While Iggie’s story about purposely ditching Hilary hadn’t done much to improve anyone’s opinion of him, it had passed Abigail’s mental polygraph test. But she’d told us in the car she was equally confident he was lying about not knowing the driver of the other Lamborghini. Which, along with the ACVLLC phone number and vanity plate, further validated our working hypothesis that the driver and thus Hilary’s abductor had been Alex Cutler. At least, this was the working hypothesis of everyone but Peter, who remained unenthusiastic about casting blame in Alex’s direction.

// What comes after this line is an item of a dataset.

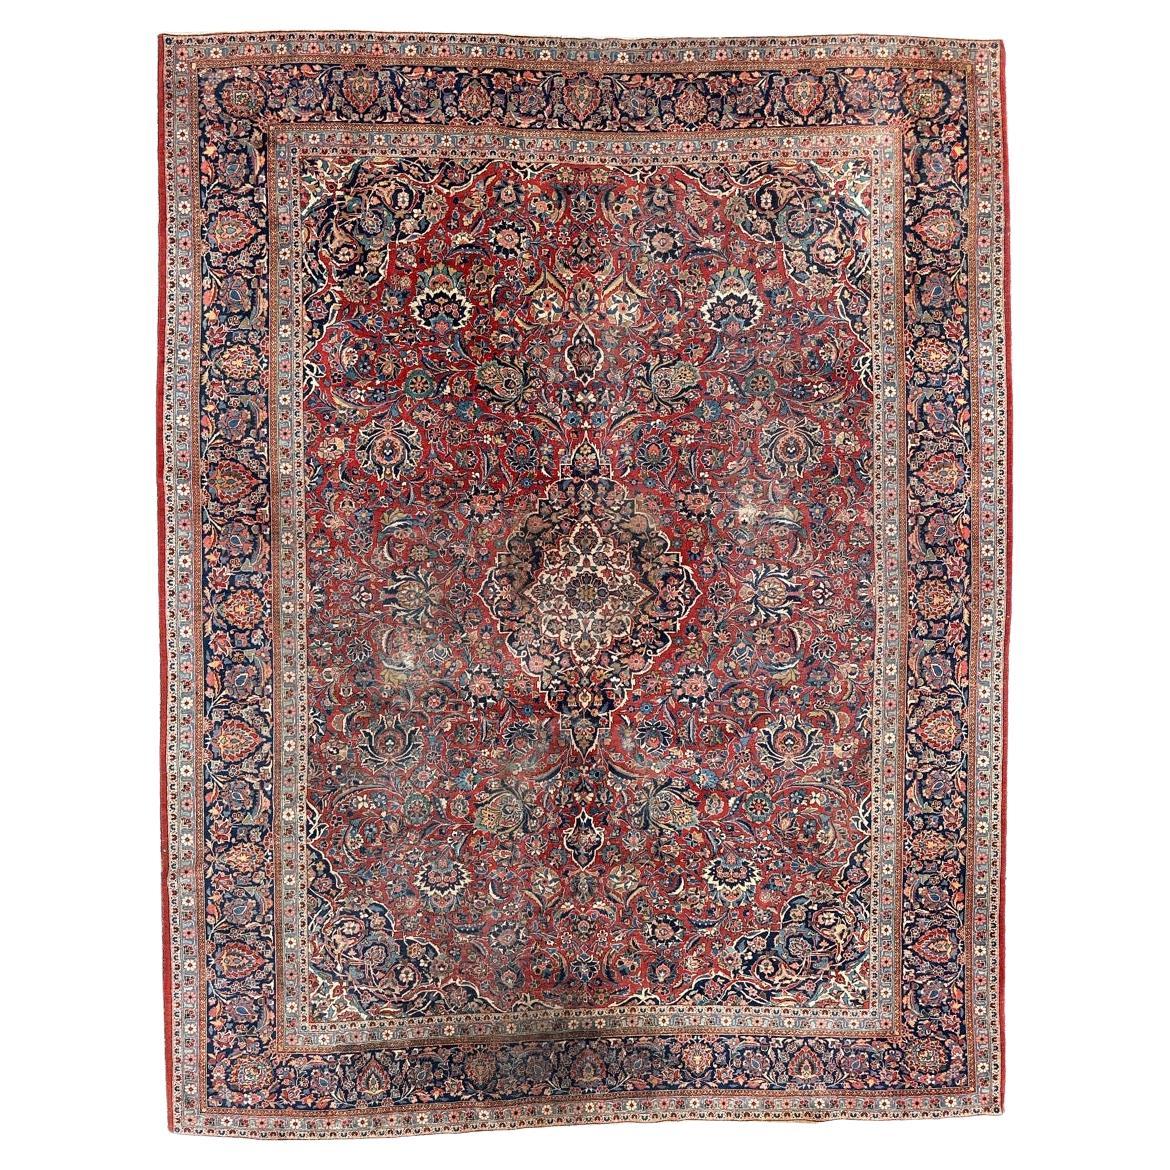 Bobyrug’s Nice antique large kashan rug

“Why else would Hilary have gotten into the second Lamborghini, then?” I asked, reaching my fork over to sneak a bite of Luisa’s pancakes. A couple of hours ago this would have been a perilous maneuver, but now that the nicotine gum had worked its magic, she was tamer than Spot and even pushed her plate closer so I could better help myself. “Hil might not have noticed it wasn’t Iggie at the wheel until she was in the car, but once inside she never would have stayed unless she already knew the driver. She’s too street-smart for that. And you introduced her to Alex yourself.”

“I know, I know,” he said. “But it seems premature to jump to conclusions based on some similar initials, a couple of descriptions of a ‘preppie’ guy, and the fact that Alex invested in Igobe. We still don’t even know for sure what kind of car he drives.”

“I know what kind of car he drives,” I said confidently. “I’ll bet you anything he pulls up to the tennis club in a Lamborghini.”

“I don’t want to bet,” he replied.

“Are you sure? Betting is fun. Especially when I win.”

“Rachel, it would be bad enough to find out Alex has done something to Hilary. It would be even worse to find that out and then owe you whatever random thing you’d insisted on betting me for.”

“Why do you think I’d bet something random?”

“Maybe because the last time I lost a bet to you I ended up having to personally prepare every available recipe for pigs in a blanket so you could conduct a scientific taste test?”

“First of all, it was a small price to pay for the advancement of haute cuisine, and second of all, there’s a strong argument to be made that losing that particular bet was a lot like winning.”

“What argument is that?” he asked.

“Now we know for a fact how to make the best possible pigs in a blanket. We never again have to lie awake nights worrying that we’re making inferior pigs in a blanket.”